Angiotensin-converting enzyme 2 in the brain: properties and future directions

Abstract

Angiotensin (Ang)-converting enzyme (ACE) 2 cleaves Ang-II into the vasodilator peptide Ang-(1-7), thus acting as a pivotal element in balancing the local effects of these peptides. ACE2 has been identified in various tissues and is supposed to be a modulator of cardiovascular function. Decreases in ACE2 expression and activity have been reported in models of hypertension, heart failure, atherosclerosis, diabetic nephropathy and others. In addition, the expression level and/or activity are affected by other renin-angiotensin system components (e.g., ACE and AT1 receptors).
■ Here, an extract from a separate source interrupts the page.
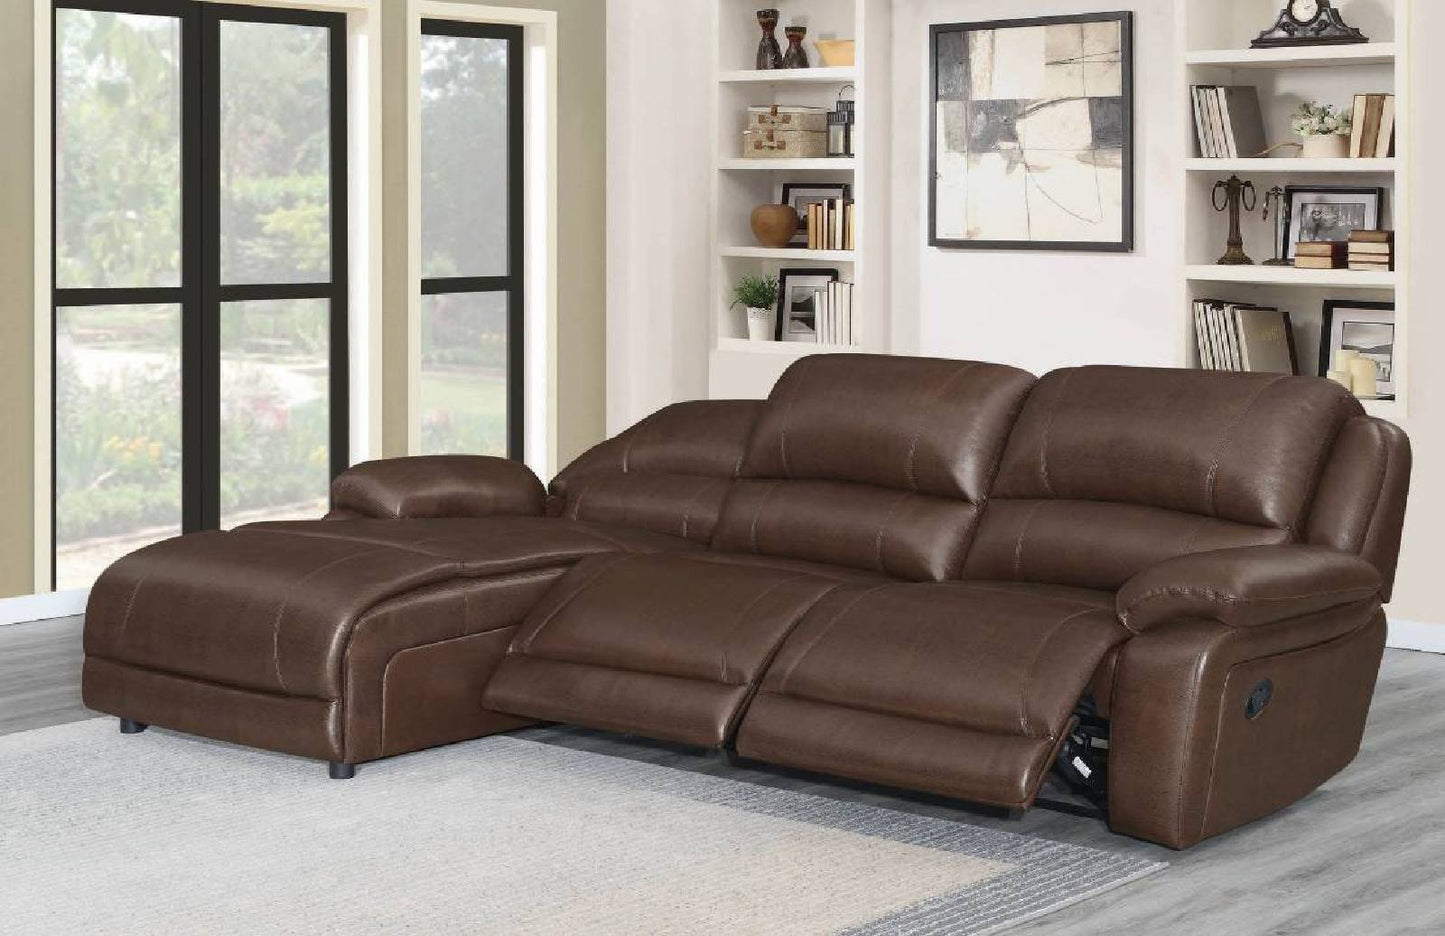 Mackenzie 3-Piece Upholstered Tufted Motion Sectional Chestnut - 600357B

Local inhibition or global deletion of brain ACE2 induces a reduction in baroreflex sensitivity. Moreover, ACE2-null mice have been shown to exhibit either blood pressure or cardiac dysfunction phenotypes. On the other hand, over-expression of ACE2 exerts protective effects in local tissues, including the brain. In this review, we will first summarize the major findings linking ACE2 to cardiovascular function in the periphery then focus on recent discoveries related to ACE2 in the CNS. Finally, we will unveil new tools designed to address the importance of central ACE2 in various diseases, and discuss the potential for this carboxypeptidase as a new target in the treatment of hypertension and other cardiovascular diseases.

Figure 1

Working model for the brain renin‐angiotensin system. Angiotensinogen produced by glial cells is transformed by renin to form Ang‐I, which is then converted by ACE into Ang‐II. This octapeptide can be hydrolyzed by ACE2 to form Ang‐(1–7) or converted to the heptapepetide Ang‐III by aminopeptidase A (APA) and further degraded to Ang‐IV by aminopeptidase N (APN). ACE2 also cleaves Ang‐I to Ang‐(1–9), the latter being converted by ACE into Ang‐(1–7). Ang‐(1–7) can also be formed by neprilysin (NEP) from Ang‐I or Ang‐(1–9). ACE metabolizes Ang‐(1–7) to the inactive peptide Ang‐(1‐5). The recently discovered Ang‐(1‐12) could originate from AGT and potentially generate Ang‐II or Ang‐(1–7). Ang‐II acting on AT1 receptors (AT1R) can activate mitogen‐activated protein kinase kinase (MAPKK), leading to enhanced p38 kinase activity, phosphorylation of ERK1/2 and increased expression of c‐jun and c‐fos. AT1R also ultimately increase reactive oxygen species (ROS) production via NAD(P)H oxidase (not represented here). On the other side AT2R oppose AT1R‐mediated signaling. Ang‐(1–7) acting on the Mas receptor may attenuate the actions of the ACE/Ang‐II/AT1R pathway through inhibition of the MAPKK pathway and stimulation of nitric oxide (NO) release. In addition to Ang‐II, renin binding to (Pro)renin receptors (PRR) and Ang‐III binding to AT1R also trigger activation of the MAPKK–ERK1/2 signaling pathway. AT4R/IRAP activation induces c‐fos expression and probable NO release.

Figure 2

Engineering of brain‐selective ACE2 transgenic mouse models. (a) Syn‐hACE2 mice. The full open reading frame of the human ACE2 gene (hACE2) is driven by a synapsin promoter, and the syn‐hACE2 construct was injected into a 1‐cell mouse embryo. Transgenic syn‐hACE2 mice express hACE2 protein specifically in neurons. (b) ‘Brain‐only ACE2’ mice (bACE2). By breeding ACE2^−/y (white) with the syn‐hACE2 line (green), we generated a transgenic mouse model over‐expressing ACE2 in the brain while lacking the enzyme in the periphery (black). (c) SARA mice. The breeding strategy first consisted in generating double transgenic mice expressing both syn‐hACE2 (green) and R⁺ (human renin gene), or A⁺ (human AGT gene) constructs. These mice were then bred together to generate the triple transgenic SARA mice (yellow) in which brain‐selective over‐expression of ACE2 is in a position to counter the hyperactive RAS.